Chiesa di Roverbella

Chiesa di Canedole

Proseguendo verso Est, attraversato l'incrocio con la Cisa, la strada ci porta verso Canedole (così chiamato dalle canne palustri delle sue valli, poi bonificate dai benedettini) e, prima del paese, prospiciente la strada, s'incontra La Palazzina, villa classicheggiante ornata di statue. Poco più avanti, isolata dagli altri edifici, la chiesa di Canedole vero gioiello di architettura romantica agreste che fonda le sue radici nel lontano 1300, mentre di mezzo secolo posteriore è la sua torre campanaria, merlata alla ghibellina.
Sempre a Canedole molto interessante è la "Corte Grande", sorta nella seconda metà dell'800 su preesistenze sicuramente molto più antiche che giustificano l'irregolare distrubuzione di tutto l'organismo architettonico. In quasta corte, per molte generazioni, hanno travato lavoro centinaia di braccianti agricoli, di tutto il roverbellese.

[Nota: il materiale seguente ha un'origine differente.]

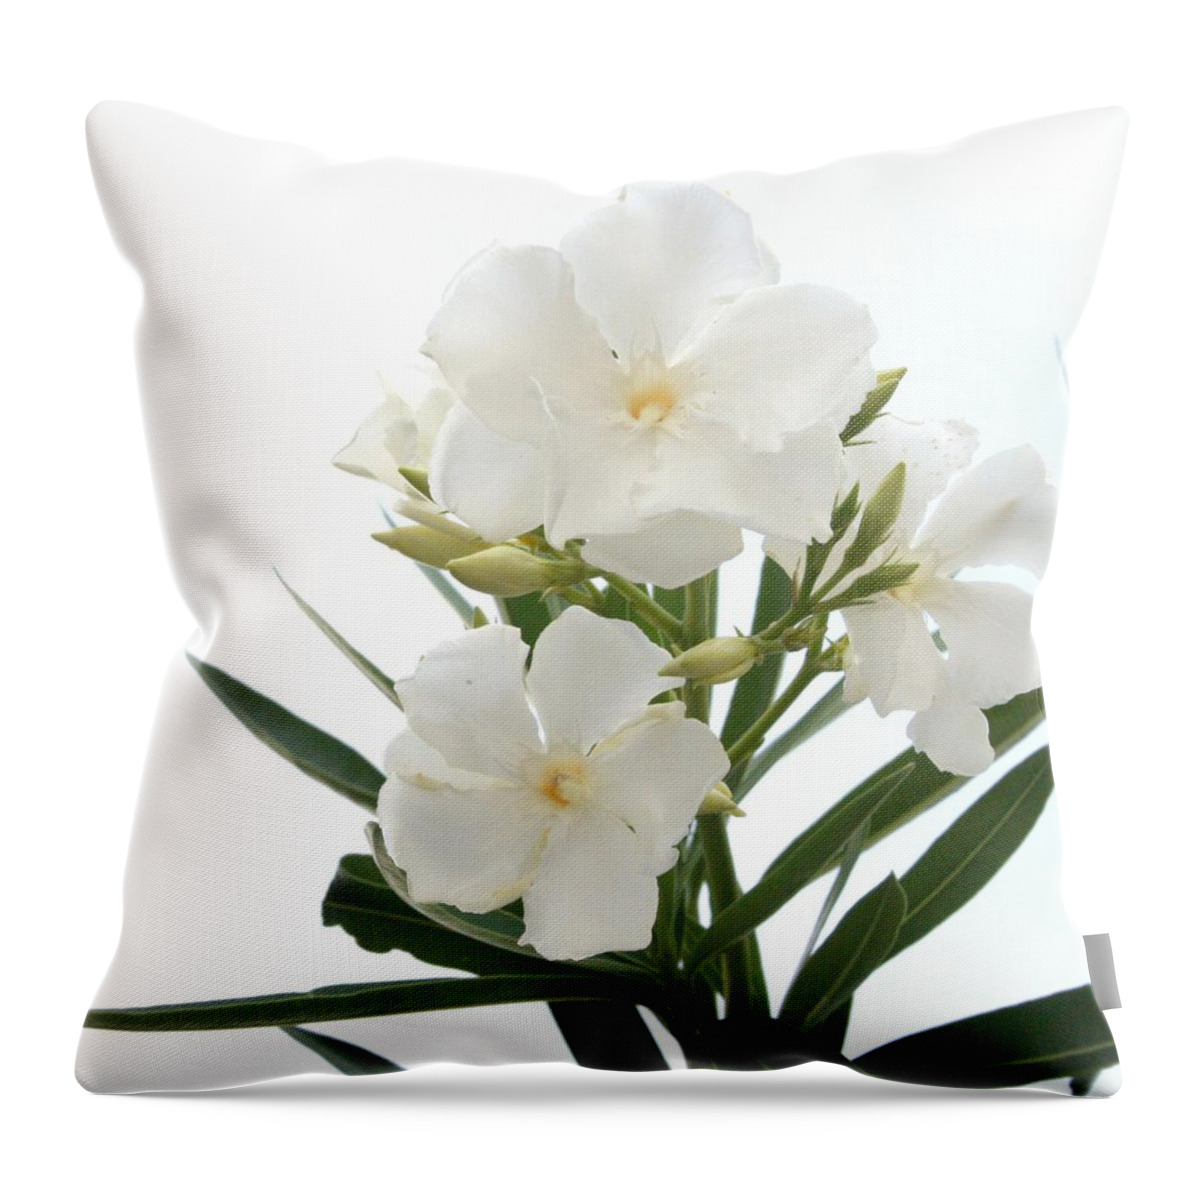 Nerium Oleander Throw Pillow featuring the photograph White Oleander Flowers Close Up Isolated On White Background by Taiche Acrylic Art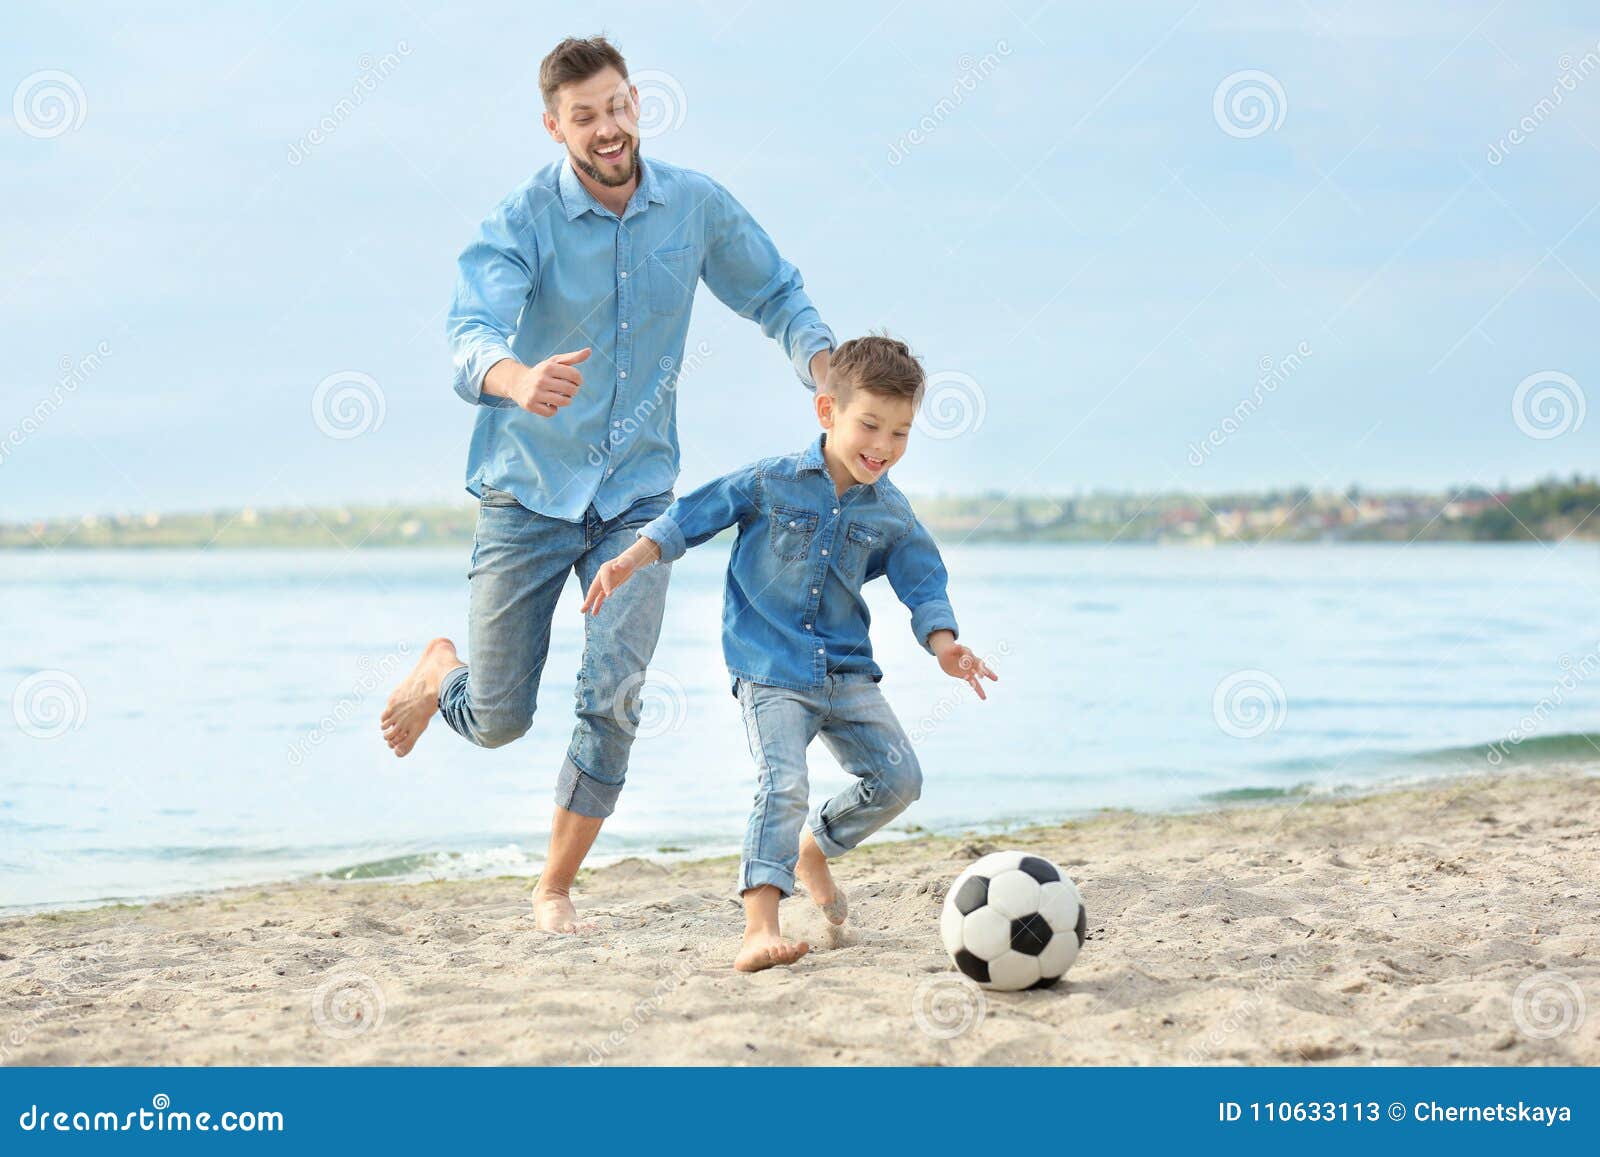 Dad and Son Playing Football Together Stock Image - Image of male

Da Canedole, percorrendo la strada del cimitero, si arriva a Castiglione Mantovano. E qui la storia ti viene incontro dal suo Castello fatto costruire in epoca comunale nel 1229, sull'antico "castrum romano" che diede il nome al paese. Esso rappresentò per secoli baluardo di frontiera contro i Veneti ed ora, sotto tutela governativa, del grande castello rimangono le due torri principali, i fortini di vendetta ormai nascosti da fitta vegetazione, le mura sbrecciate qua e là. A Castiglione, oltre il castello, troviamo il campaniletto in conto con le manofore del 1100, inglobato, a metà del XVIII sec. nell'attuale chiesa e non lontano, Ca' Turchetti con un ciclo di affreschi tra cui la "Saletta degli Stemmi".
A Pellaloco, pochi km dopo Castiglione, circondata da fossato, l'antica Corte Grande sulla cui torre d'ingresso campeggia lo stemma dei marchesi Spolverini del Verme, gli antichi proprietari succeduti nel 1636, dopo la parentesi Locatelli, ad Alessandro Gonzaga, fratello del Duca Guglielmo. Un pò fuori mano, a fianco della statale della Cisa, in Corte S. Lucia, nell'omonima località, il bel palazzo, opera di Giovan Battista Vergani, databile intorno alla metà del sec. scorso, ma con carateristiche settecentesche, saluta con il suo superbo scalone d'ingresso a tenaglia, il visitatore che lascia il roverbellese per avviarsi verso la città.